The donut they put up against the New York Giants would be somewhat concerning for me. Especially considering all the talent Atlanta had across the board on offense.
However, Mularkey will get to build around the league's top rusher down in Jacksonville.
12. Philadelphia Eagles: Juan Castillo
The sports radio telephone lines will be ringing non-stop this week. Andy Reid will be hosting a press conference on Tuesday and most expect him to announce Juan Castillo staying in his current defensive coordinator position.
Many will balk at the arrogance and naivety of Andy Reid's decision. However, Castillo's unit finished the season as the No. 8 overall defense and led the league in sacks.
If the front office provides him with a proper middle linebacker via draft or free agency, the Philadelphia Eagles defense could be what they were supposed to be in 2011.

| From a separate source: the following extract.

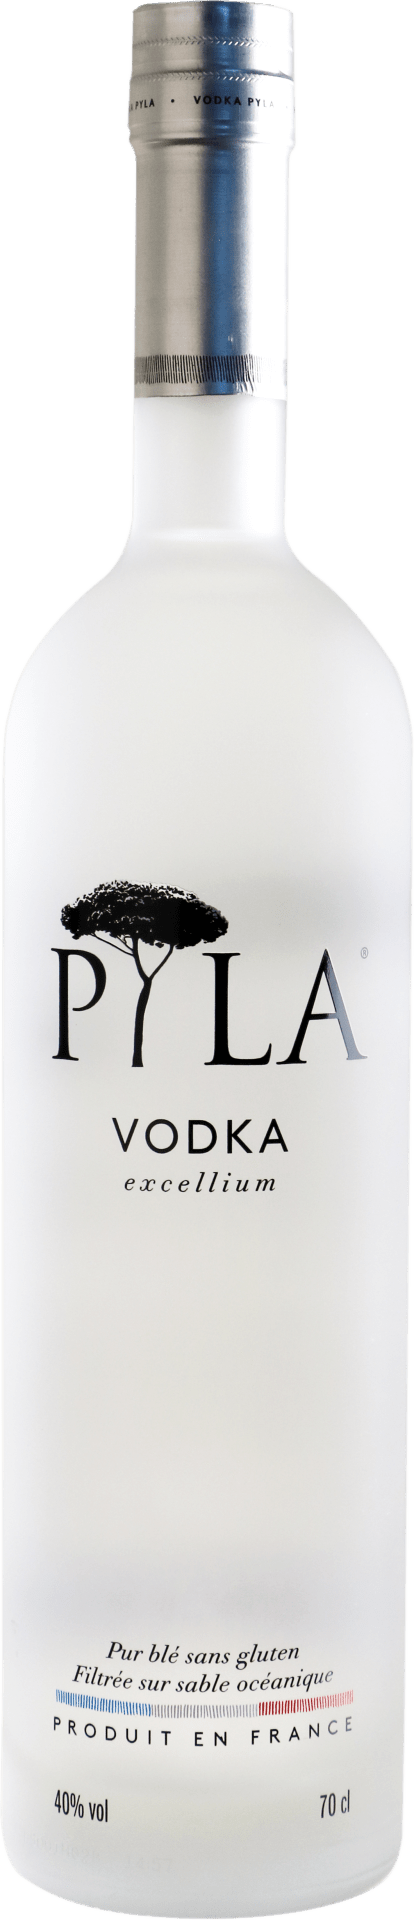 Pyla Vodka Minis 12x 5cl

Philadelphia also hired Miami Dolphins interim head coach and former secondary coach Todd Bowles as their new secondary coach. Maybe he can help Castillo take advantage of his Pro Bowl-studded secondary.
11. Oakland Raiders: Dennis Allen
The Oakland Raiders have hired their seventh head coach in 10 years with Dennis Allen. Oakland made a smart decision to hire someone within their division.
The former Denver Broncos defensive coordinator took advantage of his unit's productive season and seizing the mercenary mentality. Denver's defense didn't finish in the top 10 in any major defensive category, but part of that is due to the amount of time they spent on the field.
Allen will try to buck the recent trend in the Oakland-head-coach carousel. Personally, I'd like to see a guy with more experience, but the market for coaches seems to be a bit dry in that category.
10. Miami Dolphins: Joe Philbin
For all the talk about trying to court a Bill Parcells, Jeff Fisher or Jon Gruden, the Miami Dolphins' selection was wildly underwhelming for fans in South Florida.
However, that being said, I think the Joe Philbin hire could prove to be an astute acquisition. Philbin's success could be debated. Whether or not it was more Mike McCarthy and Aaron Rodgers in Green Bay than Joe Philbin remains to be seen.
Philbin endured a tragic event leading up to the NFL playoffs with the murder of his missing 21-year-old son. A change of scenery for him and his family could be great for his healing process.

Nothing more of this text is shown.